BEGIN Data section
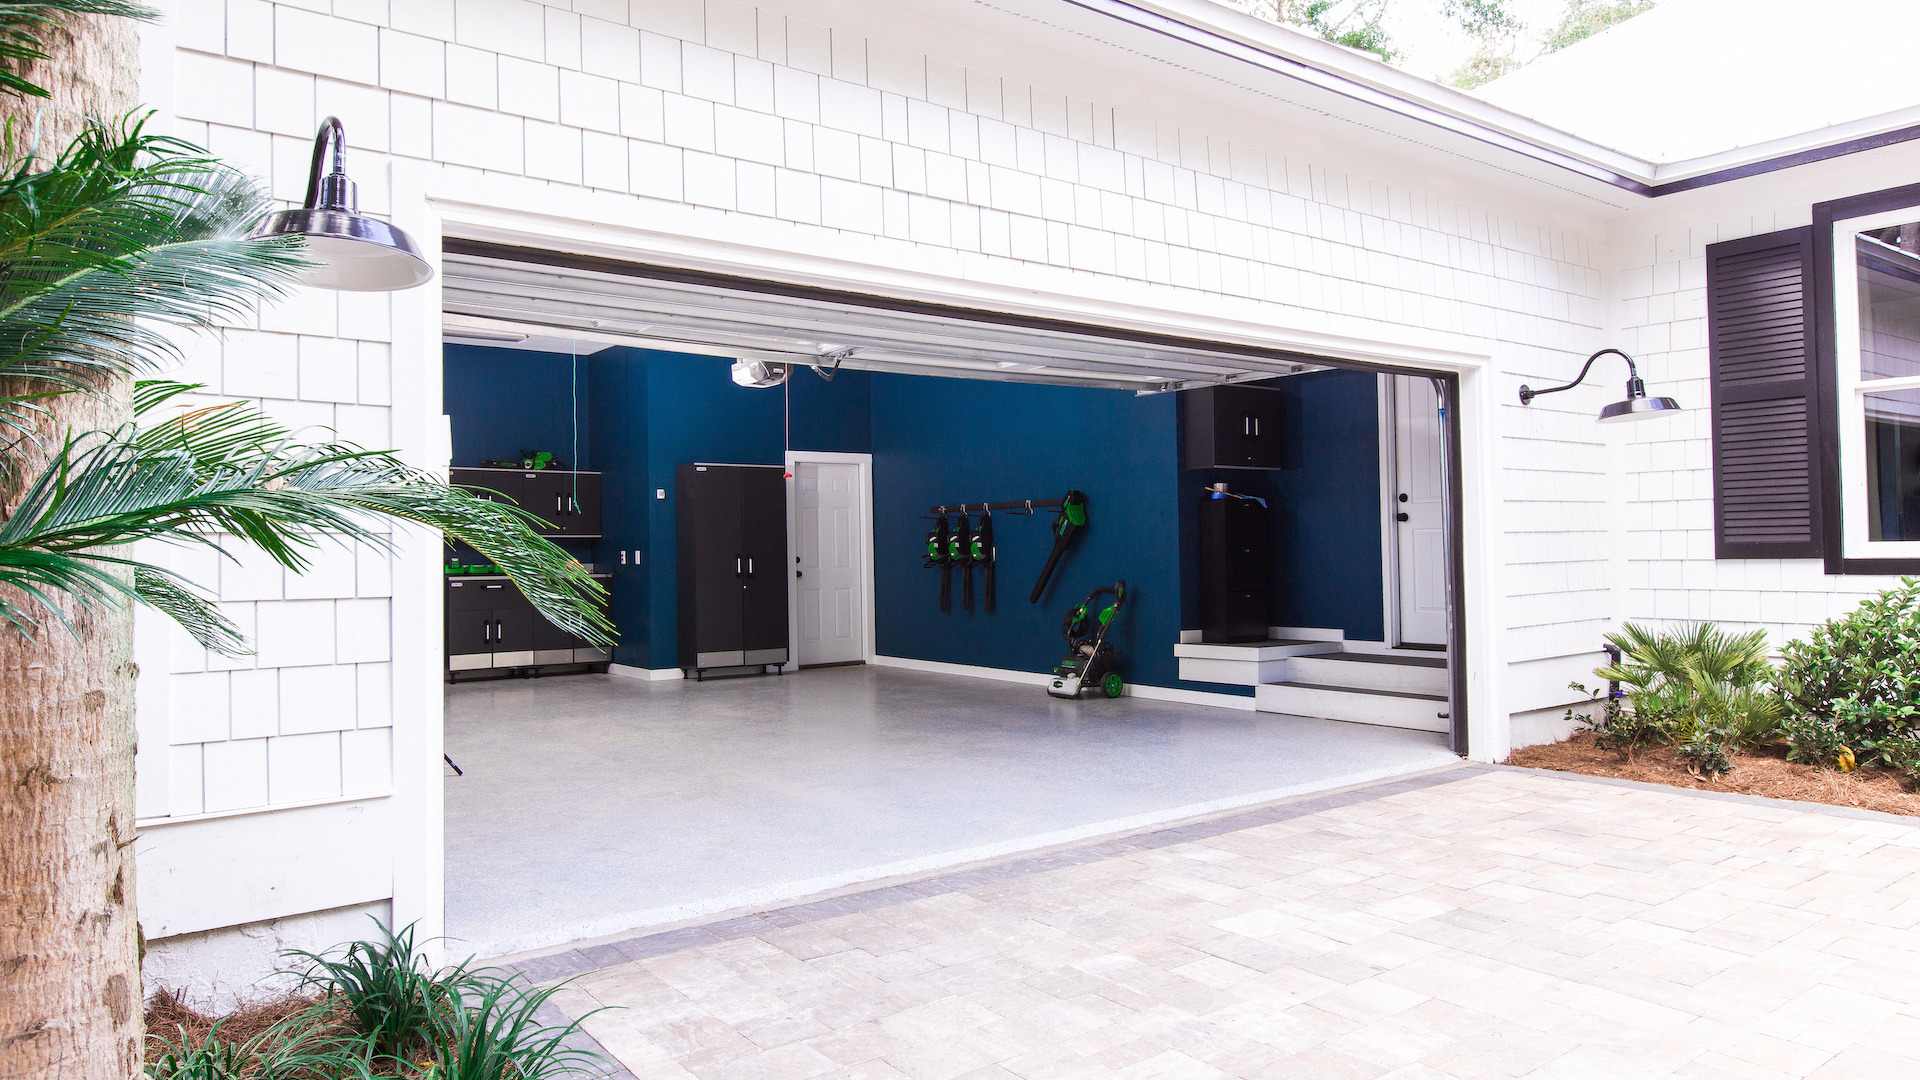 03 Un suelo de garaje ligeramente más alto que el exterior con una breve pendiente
END Data section
BEGIN Data section
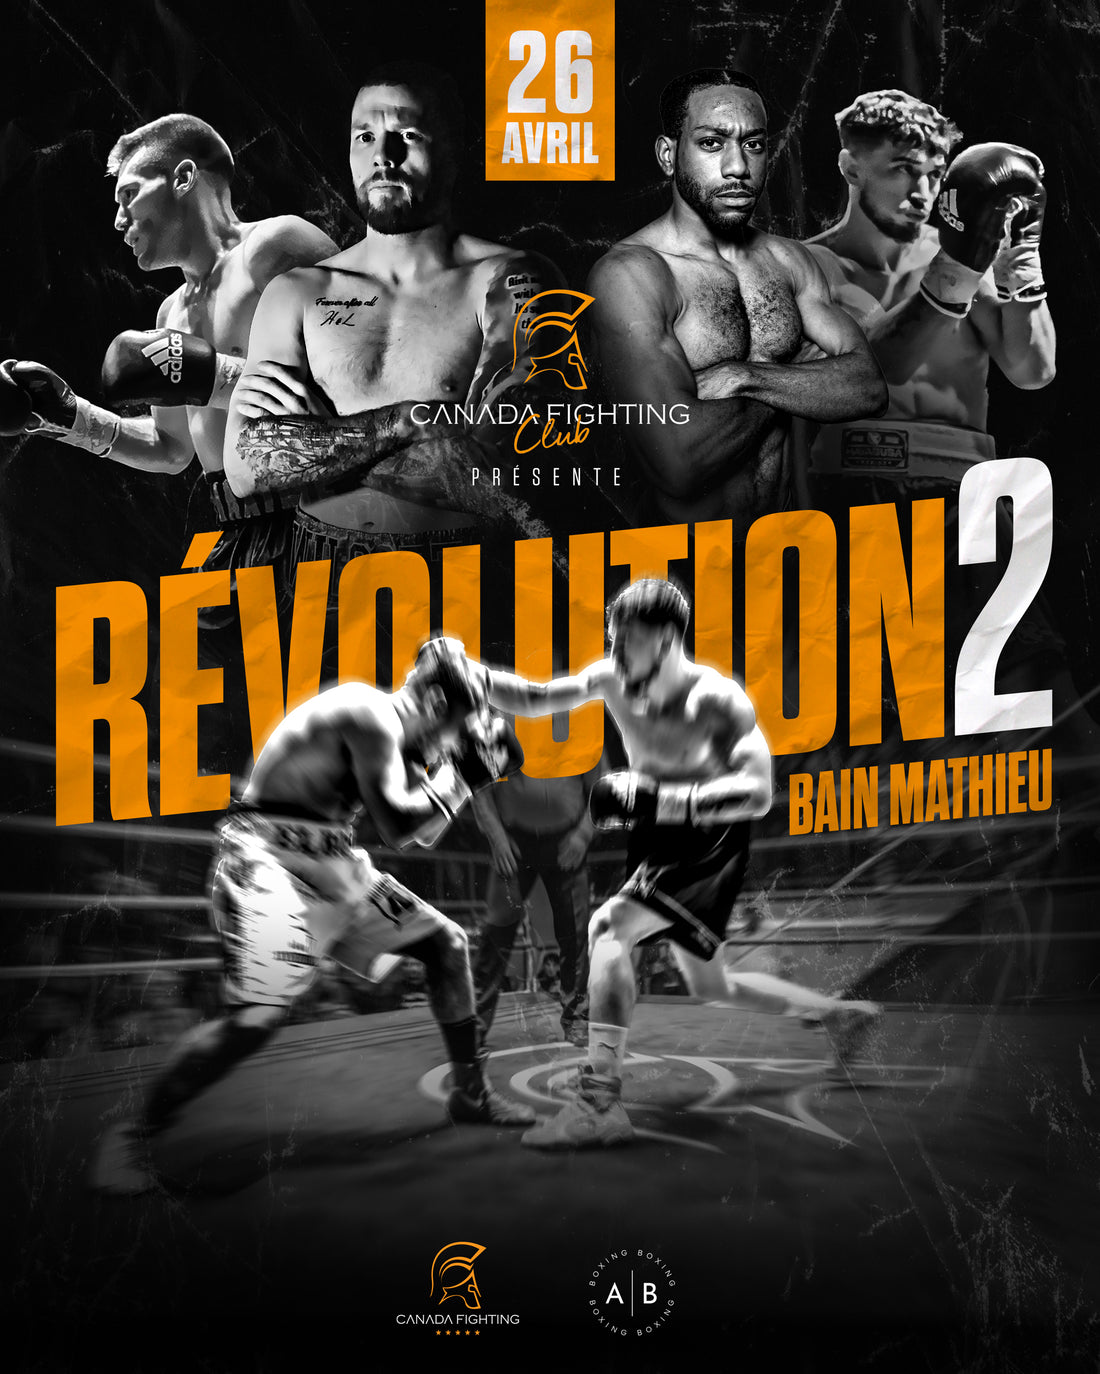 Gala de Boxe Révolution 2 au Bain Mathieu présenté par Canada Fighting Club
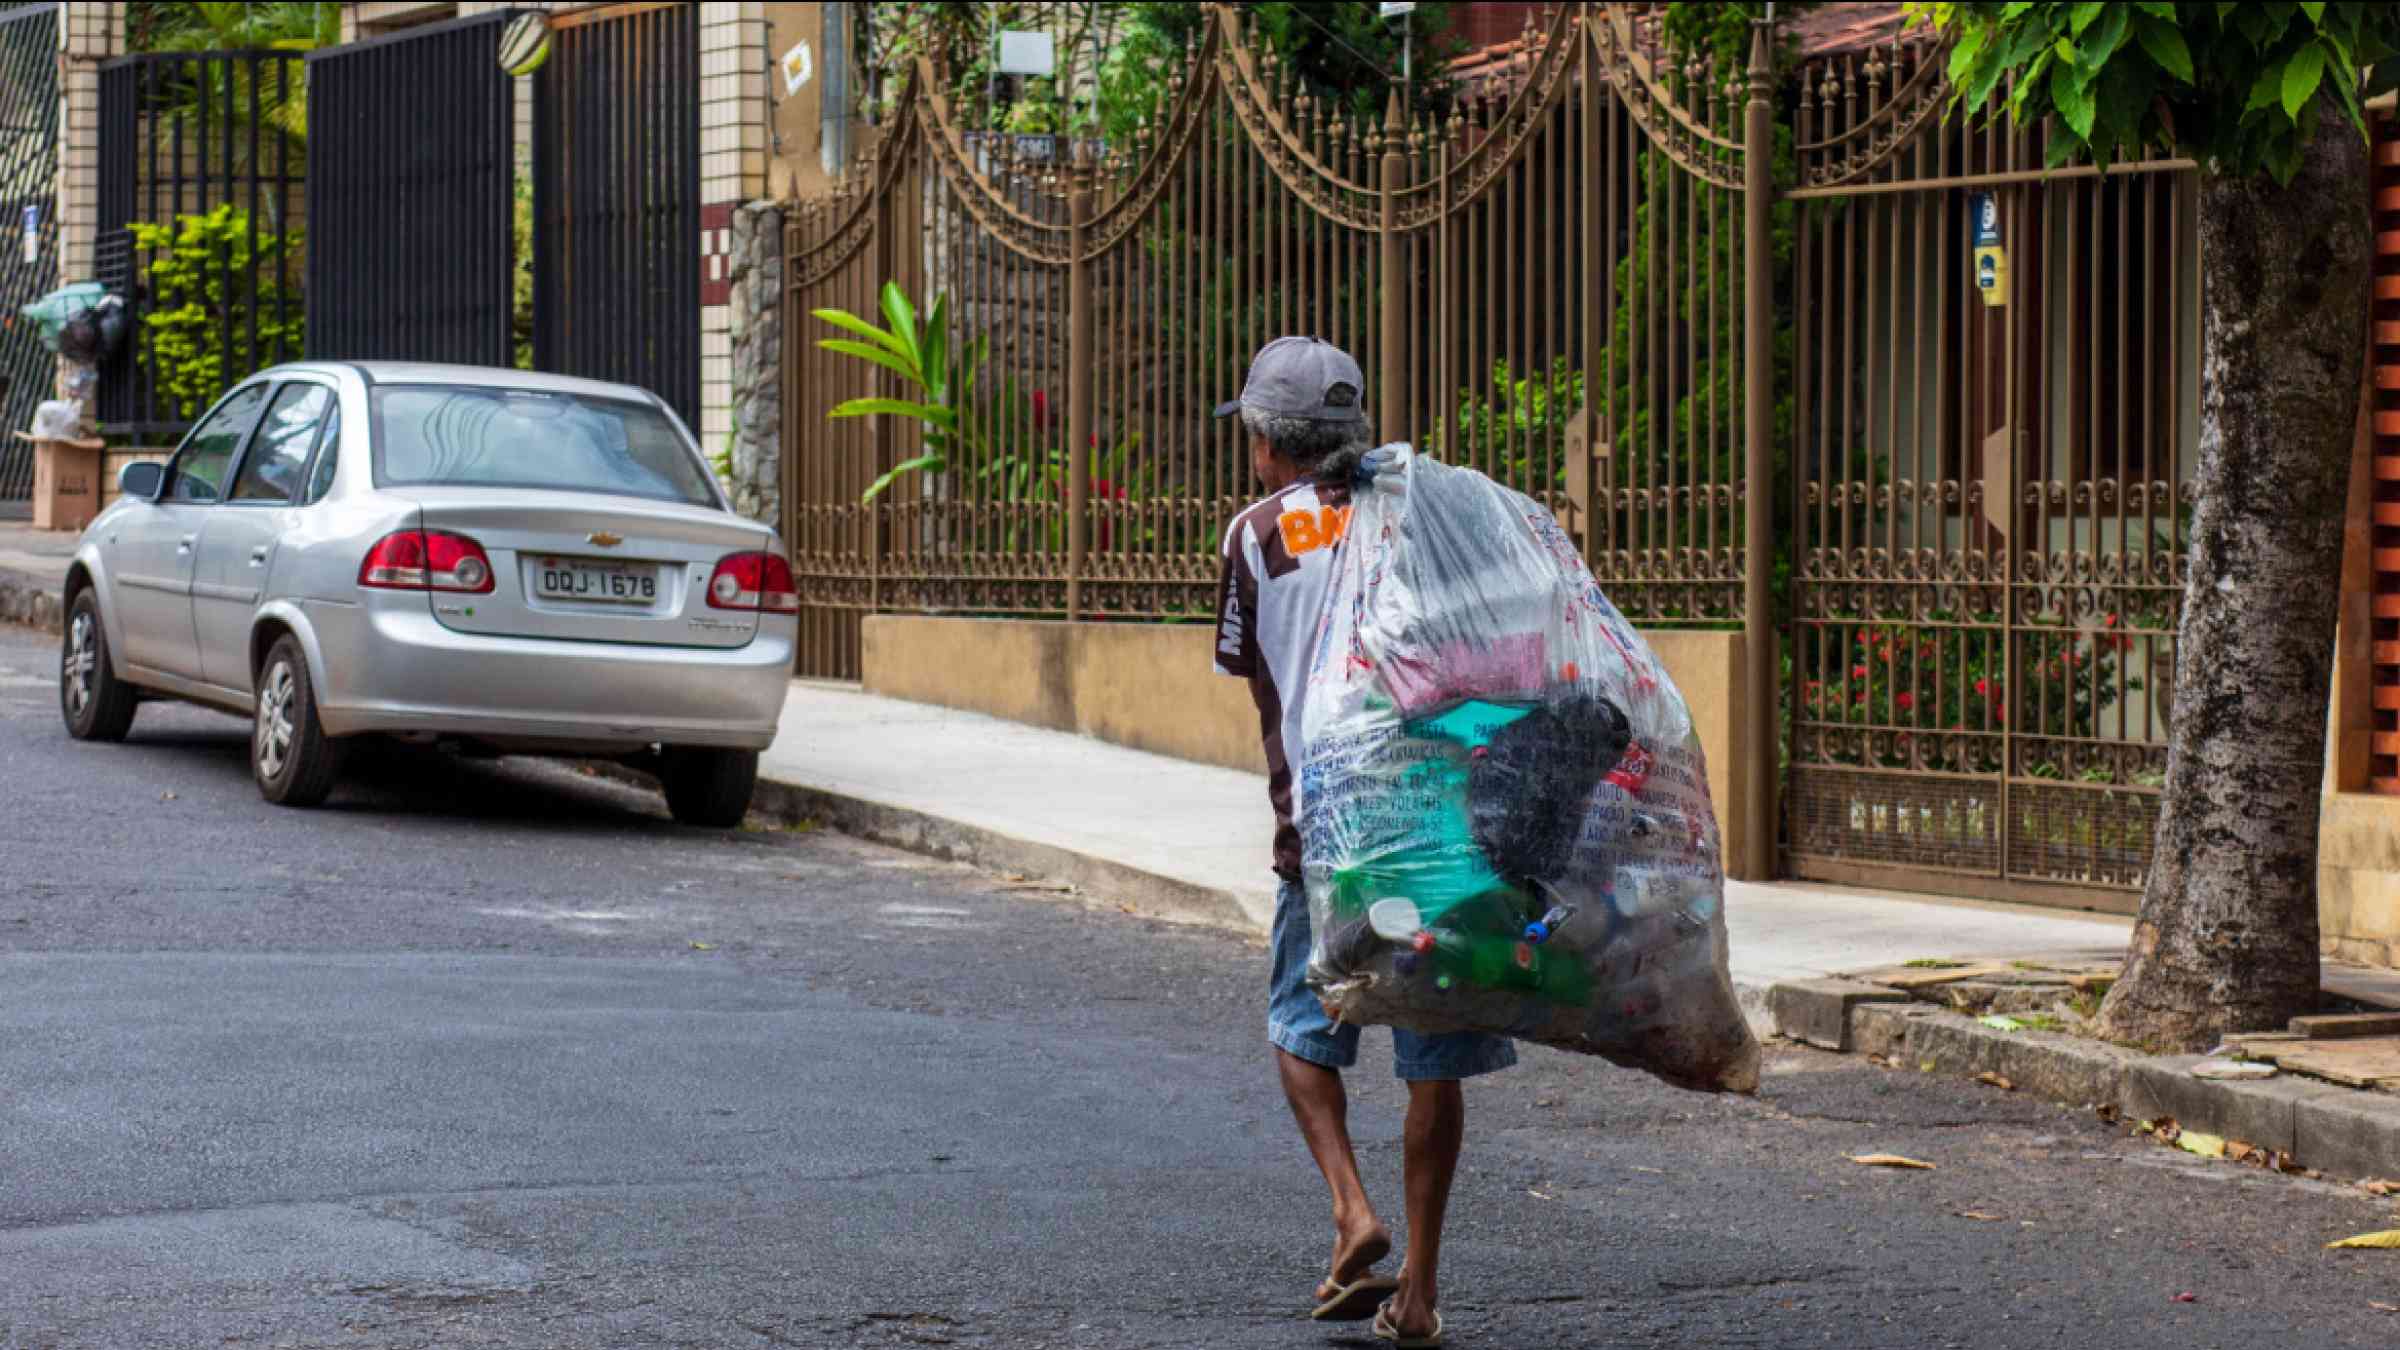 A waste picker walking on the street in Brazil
END Data section
**What to work on:** Using the data above, output the line that has "Gala de Boxe", the line that has "A waste picker", and whatever lines fall between, each exactly as it stands and without pictures.

**Solved exercise:**
 Gala de Boxe Révolution 2 au Bain Mathieu présenté par Canada Fighting Club
 A waste picker walking on the street in Brazil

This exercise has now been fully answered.